Armed conflicts, political instability and national security
The 2014 index emphasizes the negative correlation between armed conflicts and freedom of information. In an unstable environment, the media become strategic goals or targets for groups or individuals trying to control news and information in violation of the guarantees enshrined in international conventions. Syria (177th) is rubbing shoulders with the last three countries in the index. Around 130 professional and citizen-journalists were killed in connection with the provision of news and information from March 2011 to December 2013. They are being targeted by both the Assad government and extremist rebel militias. The Syrian crisis has also had dramatic repercussions throughout the region.
In Africa, Mali continued its fall and is now ranked 122nd. Progress in the conflict in north of the country has stalled, preventing any real revival in media activity. Central African Republic (109th) has followed suit, falling 43 places. In Egypt (159th), President Morsi’s ouster by the army led by Al-Sisi freed those media that the Muslim Brotherhood had gagged ever since coming to power, but it marked the start of a witchhunt against journalists suspected of supporting the Brotherhood.

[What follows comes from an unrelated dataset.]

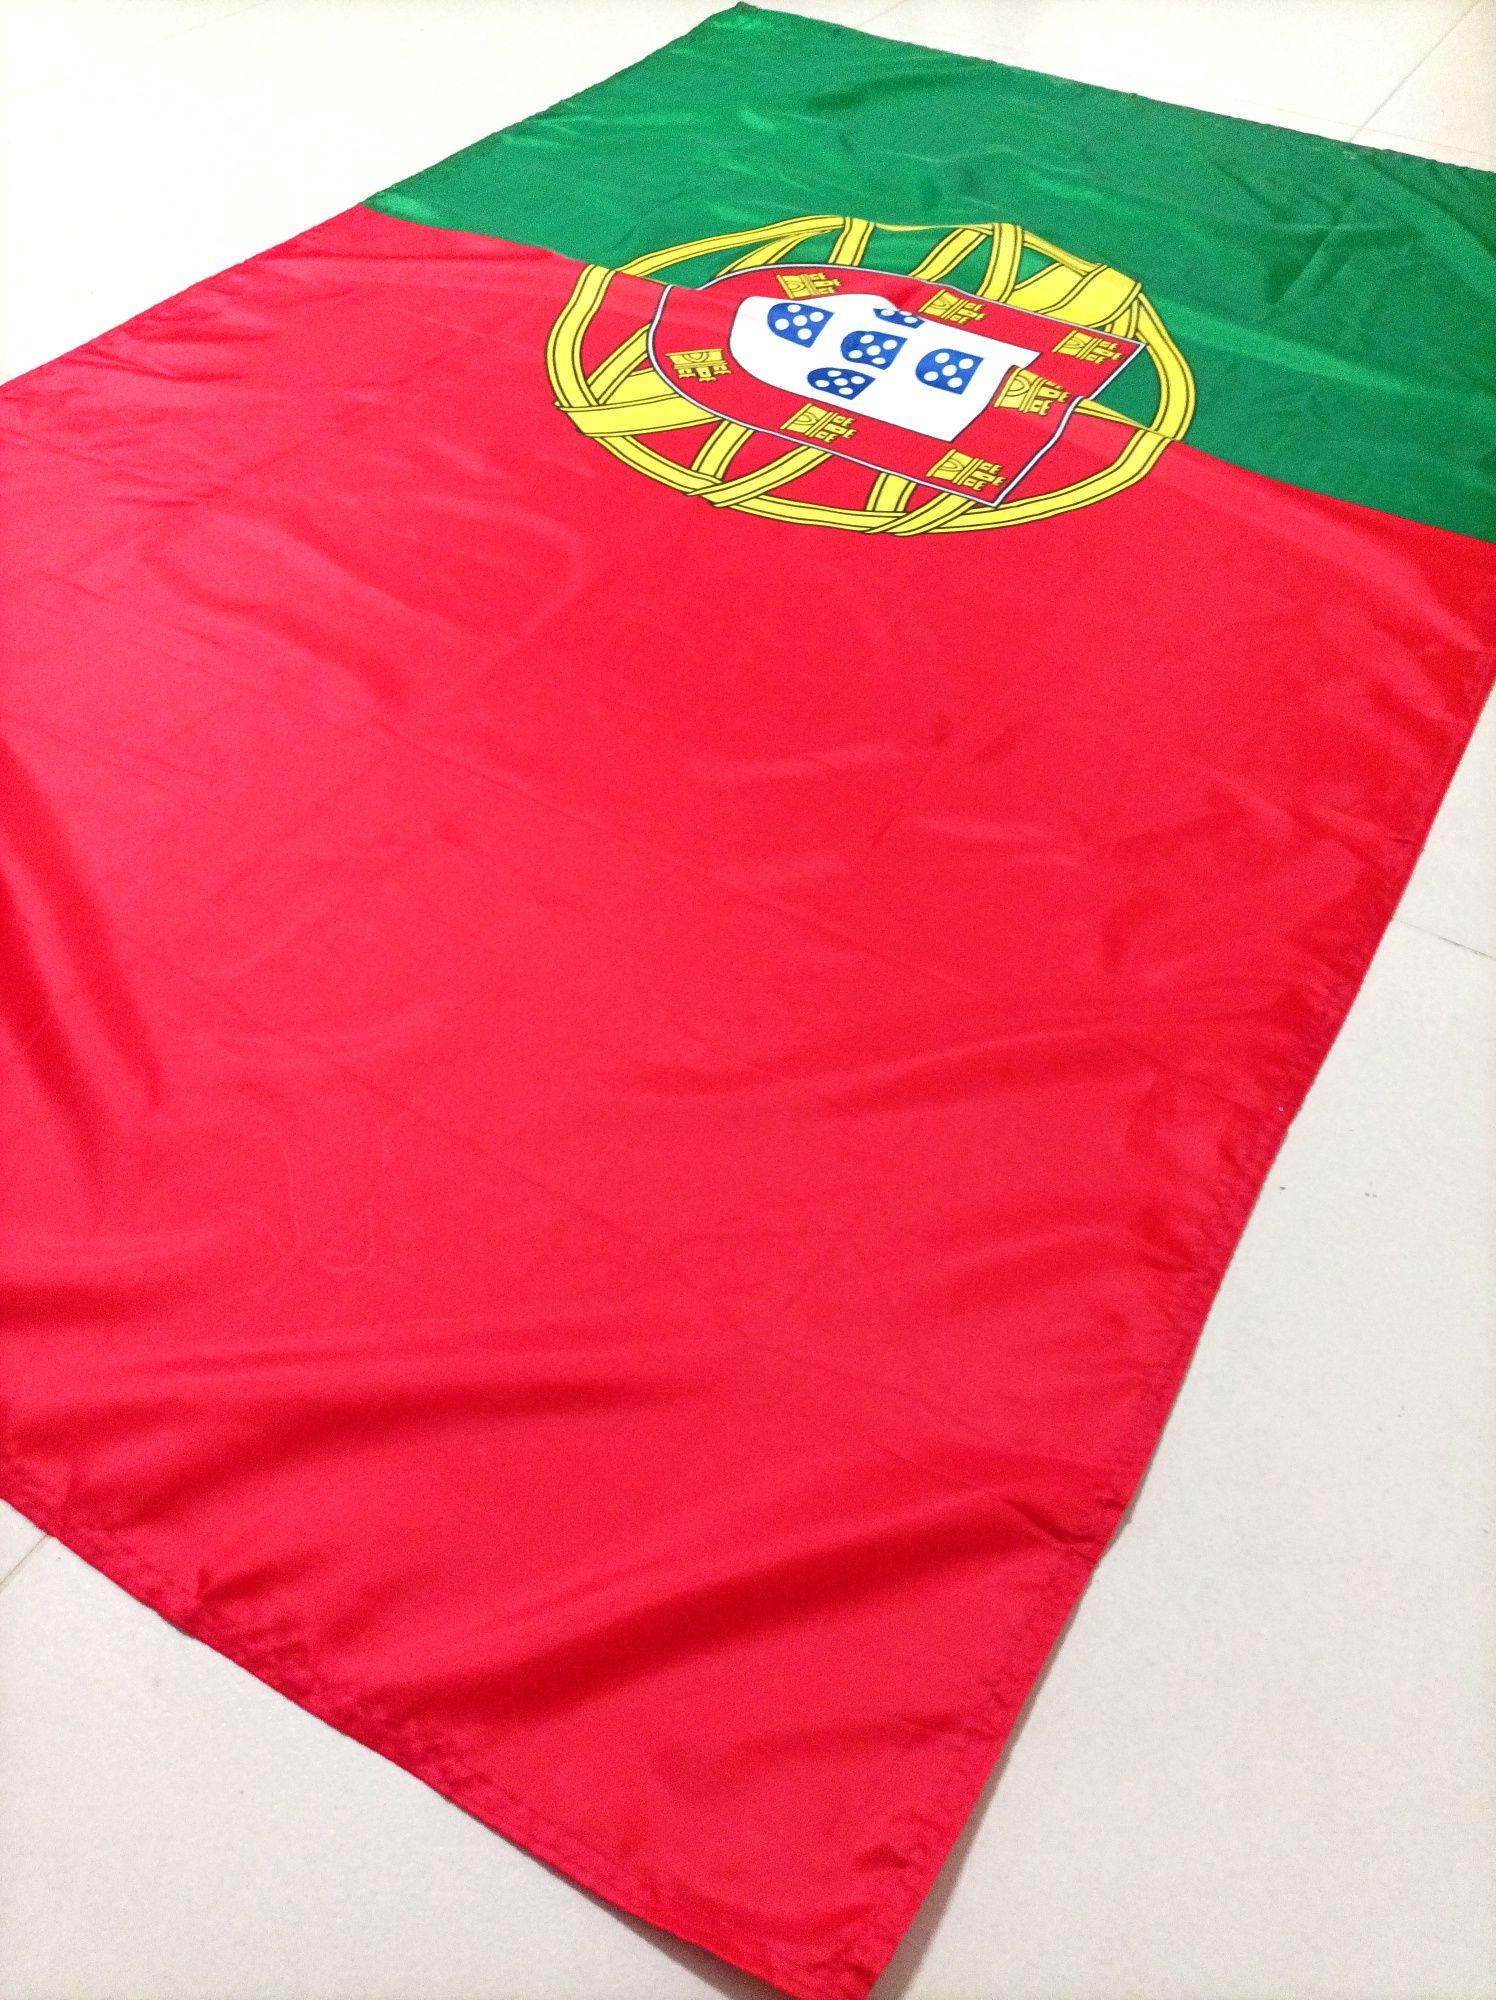 Bandeira de Portugal (Tamanho Grande)
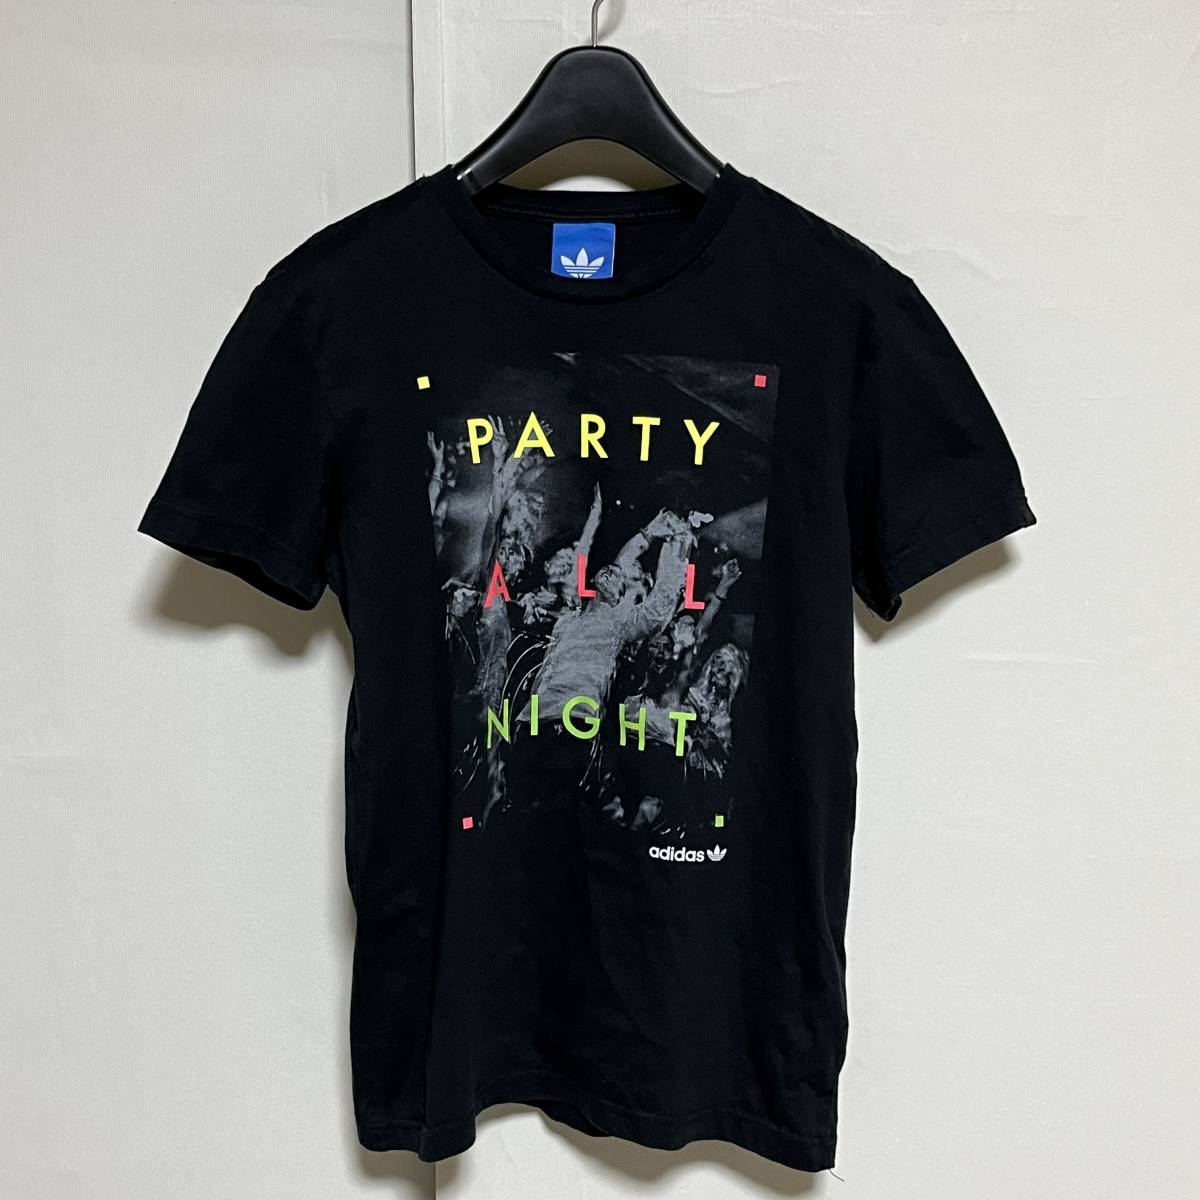 adidas Originals アディダス オリジナルス PARTY ALL NIGHT Tシャツ 黒 M 美品 管理B1394

Far from these conflicts, in countries where the rule of law prevails, security arguments are misused as grounds for restricting freedom of information. Invoked too readily, the protection of national security is encroaching on hard-won democratic rights. In the United States (46th, -13), the hunt for leaks and whistleblowers serves as a warning to those thinking of satisfying a public interest need for information about the imperial prerogatives assumed by the world’s leading power. The United Kingdom (33rd, -3) has followed in the US wake, distinguishing itself by its harassment of The Guardian.
There are many examples of governments abusing the “fight against terrorism.” In Turkey (154th), dozens of journalists have been detained on this pretext, above all those who cover the Kurdish issue. In Israel (96th), which regained some of the places it lost in the previous index because of Operation Pillar of Defence’s impact on freedom of information, the territorial integrity imperative often suppresses freedom of information about the Israeli-Palestinian conflict. In Sri Lanka (165th, - 2), the army shapes the news by suppressing accounts that stray too far from the official vision of “pacification” in the former Tamil separatist strongholds.
A few noteworthy developments
Central Africa Republic, currently the site of a violent conflict, suffered the biggest fall, losing 43 places after a year marked by extreme violence and repeated attacks and threats against journalists.
Aside from the 13-place fall by the United States (46th, -13), Guatemala’s dizzying plunge (125th, -29) was due to a sharp decline in the safety of journalists, with four murders and twice as many attacks as the previous year.
In Kenya (90th, -18), the government’s much criticized authoritarian response to the media’s coverage of the Westgate Mall attack was compounded by dangerous parliamentary initiatives. Chad (139th) fell 17 places after distinguishing itself by abusive arrests and prosecutions in 2013.
Suffering from the effects of the economic crisis and a surge in populism, Greece (99th) fell 14 places.
Violence against journalists, direct censorship and misuse of judicial proceedings fell in Panama (87th, +25), Dominican Republic (68th, +13), Bolivia (94th, +16) and Ecuador (94th, +25), although in Ecuador the level of media polarization is still high and often detrimental to public debate.
The past year was marked by laudable legislative developments in some countries such as South Africa (42nd, +11), where the president refused to sign a law that would have threatened media freedom. Contrasting with South Africa’s improvement, other countries regarded as regional models registered no progress or even significant declines.